Skip every image and restate the data word for word.

== PROVIDED MATERIAL ==
++++++++++++++++++++
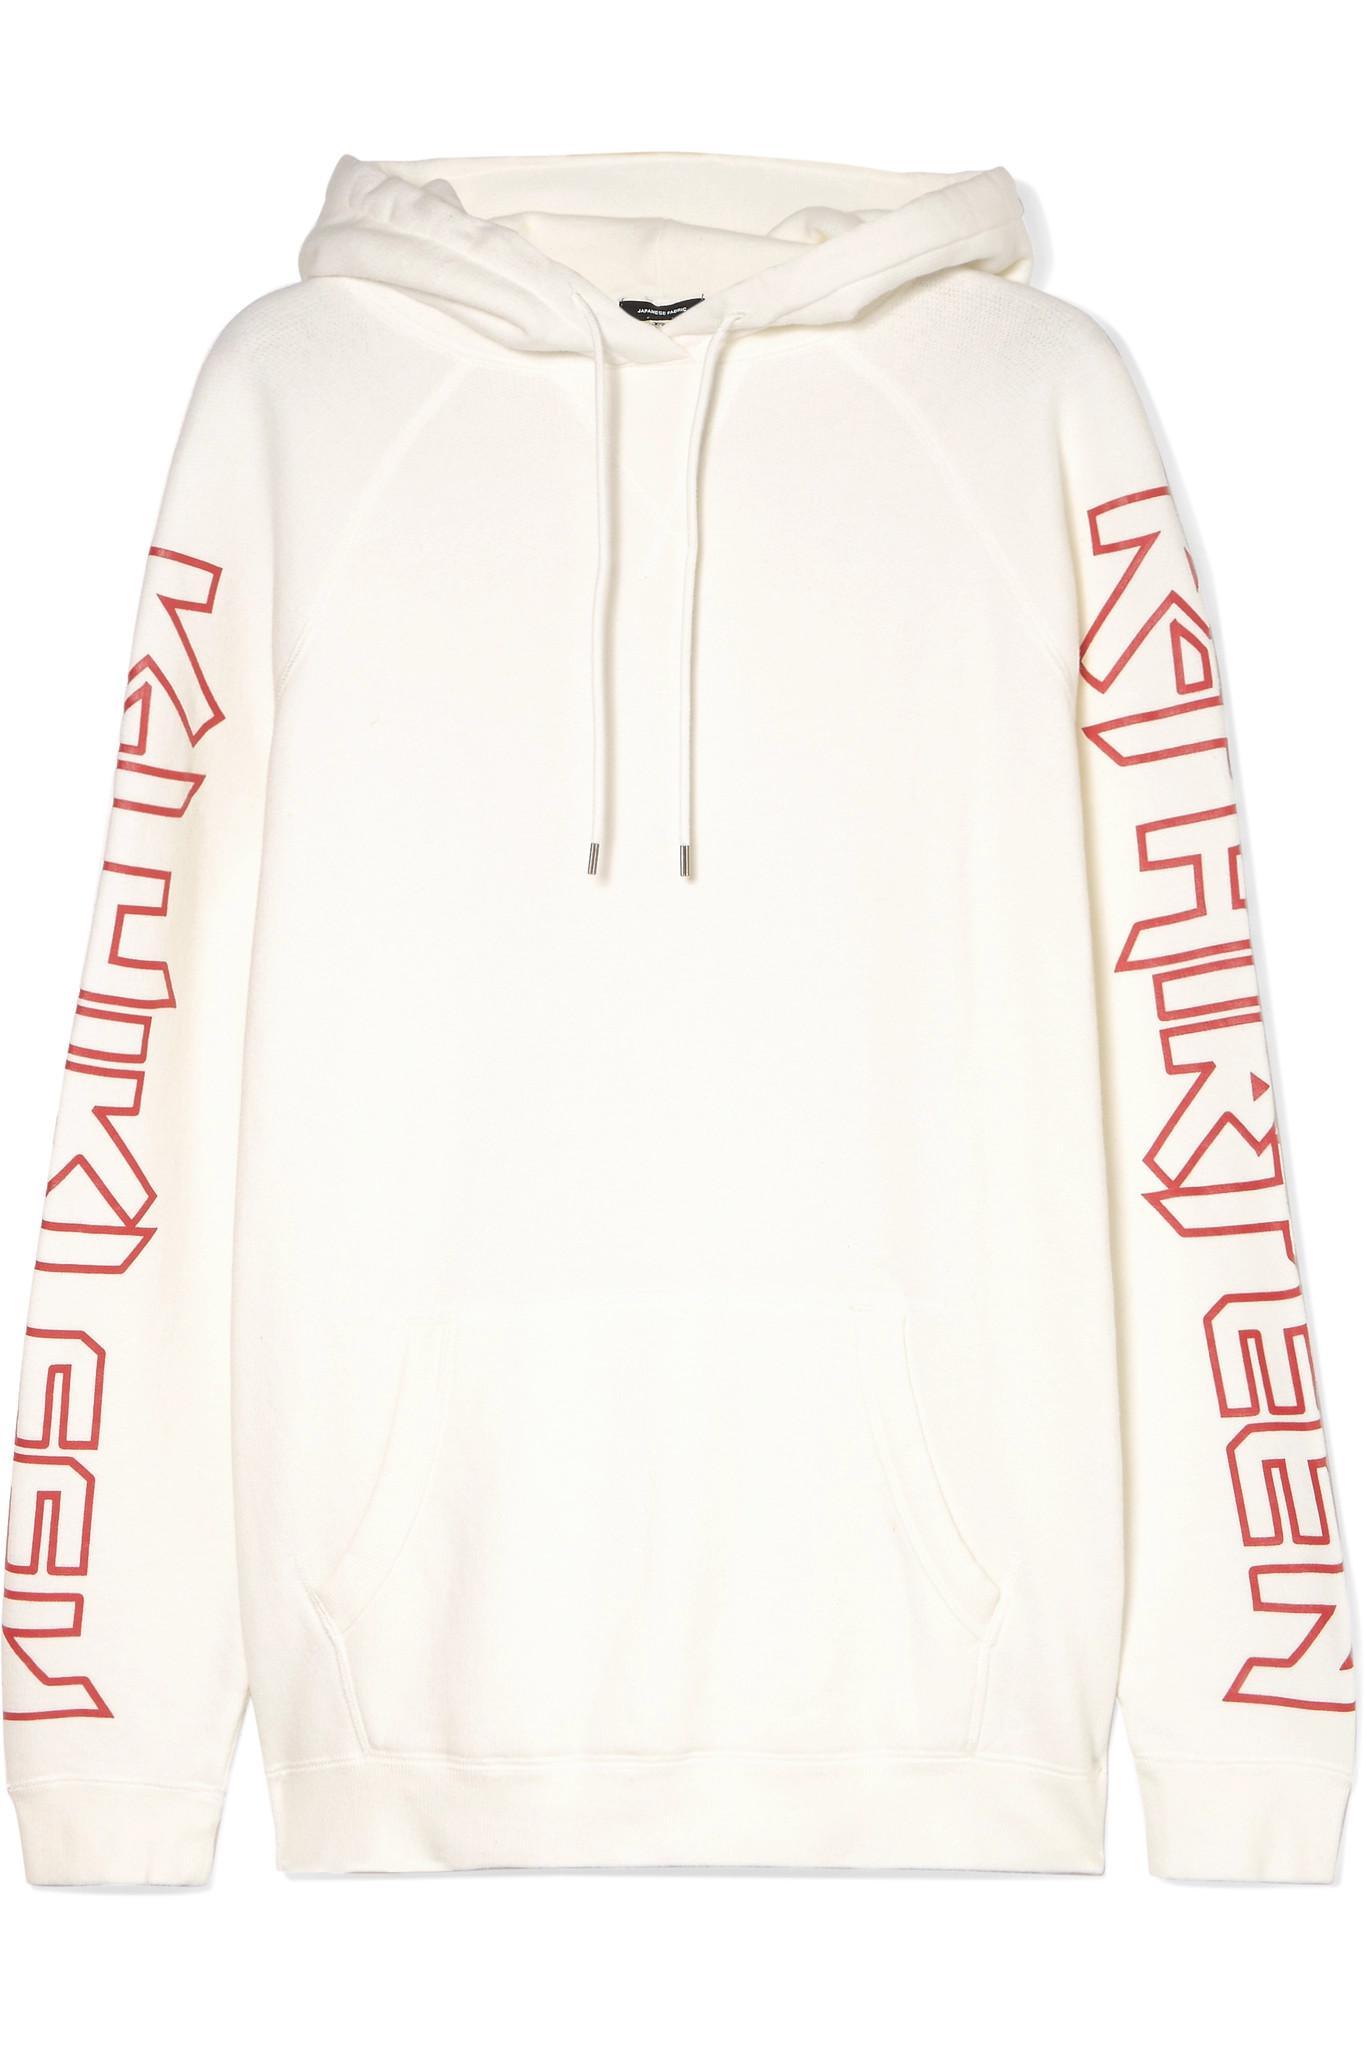 0b54f17a4325 r13-white-R-Thirteen-Printed-Cotton-blend-Jersey-Hooded-Top.jpeg
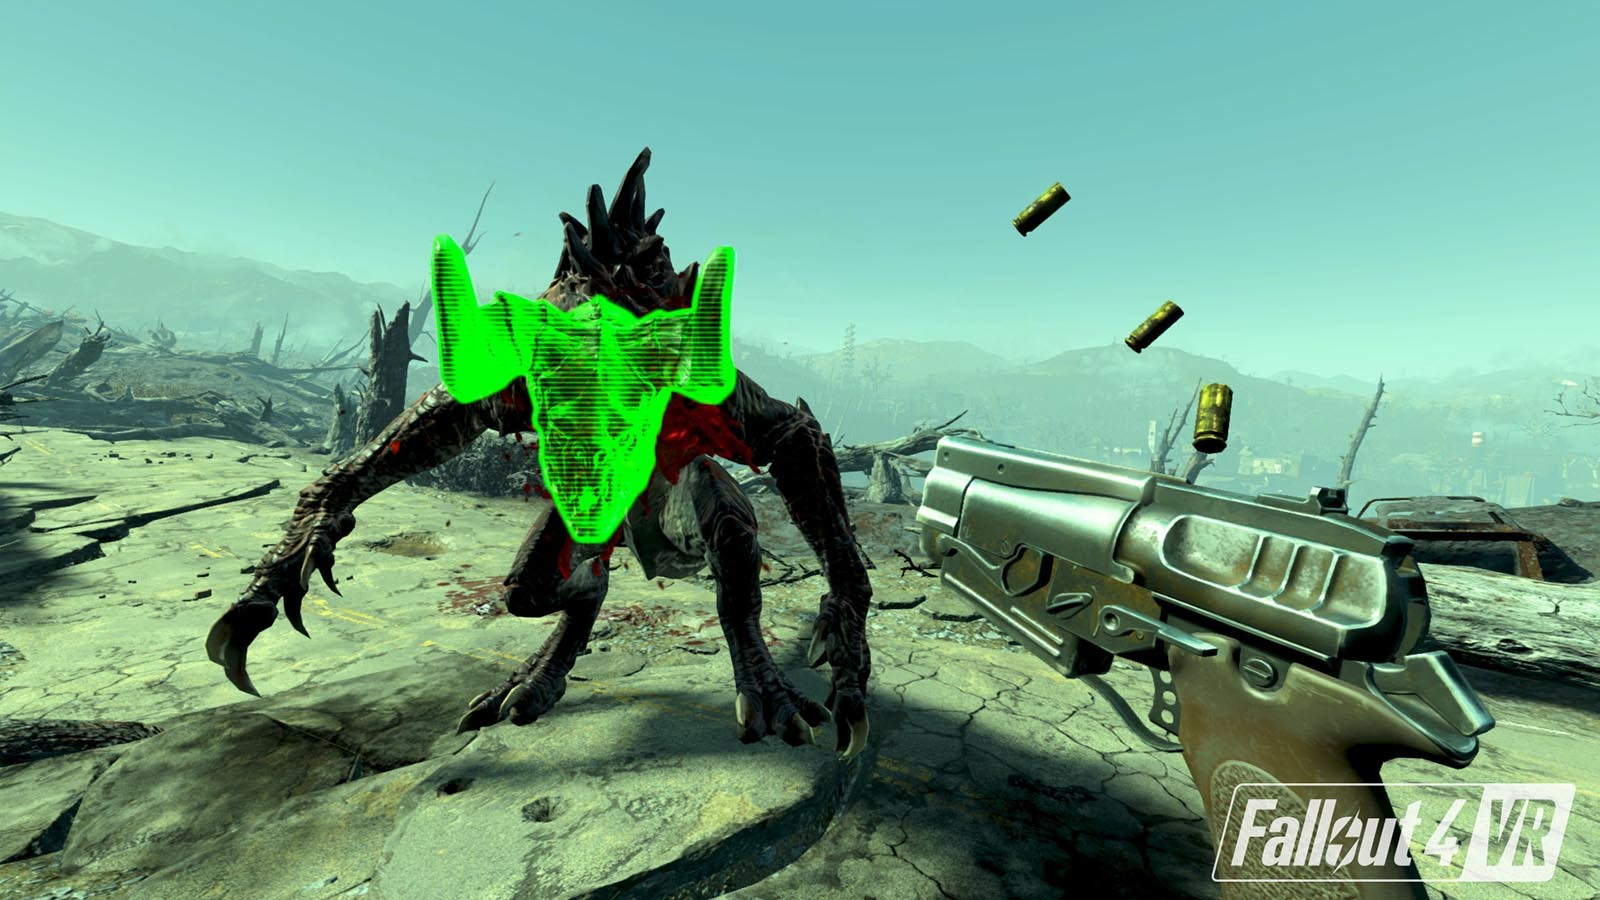 Fallout 4 SVAV
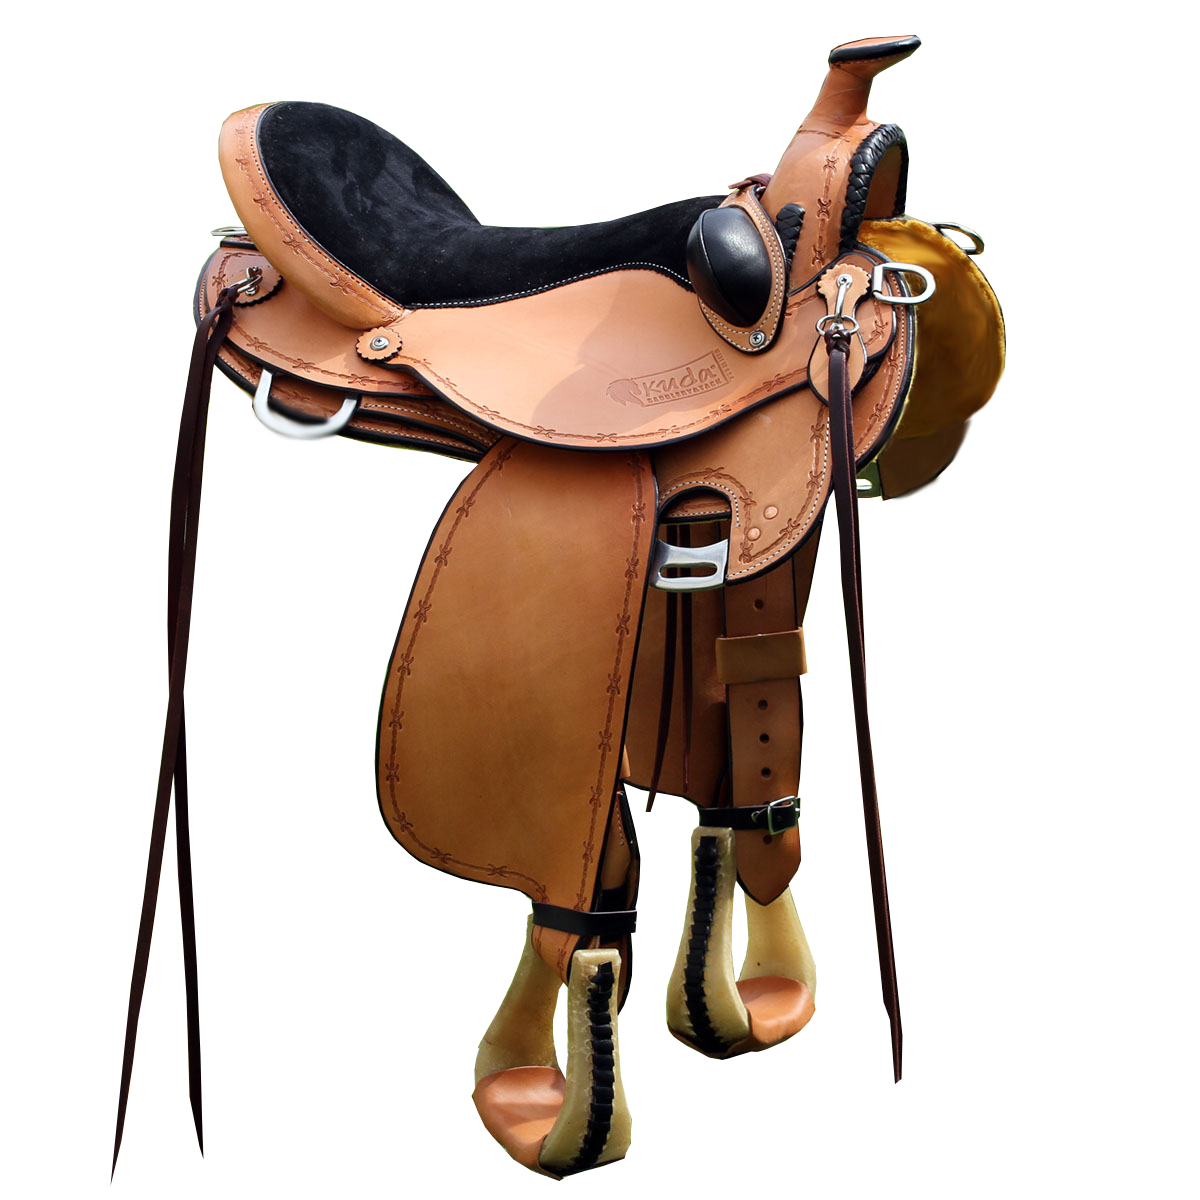 Kuda Elite Flex Saddle with horn
++++++++++++++++++++
== OUTPUT ==
 0b54f17a4325 r13-white-R-Thirteen-Printed-Cotton-blend-Jersey-Hooded-Top.jpeg
 Fallout 4 SVAV
 Kuda Elite Flex Saddle with horn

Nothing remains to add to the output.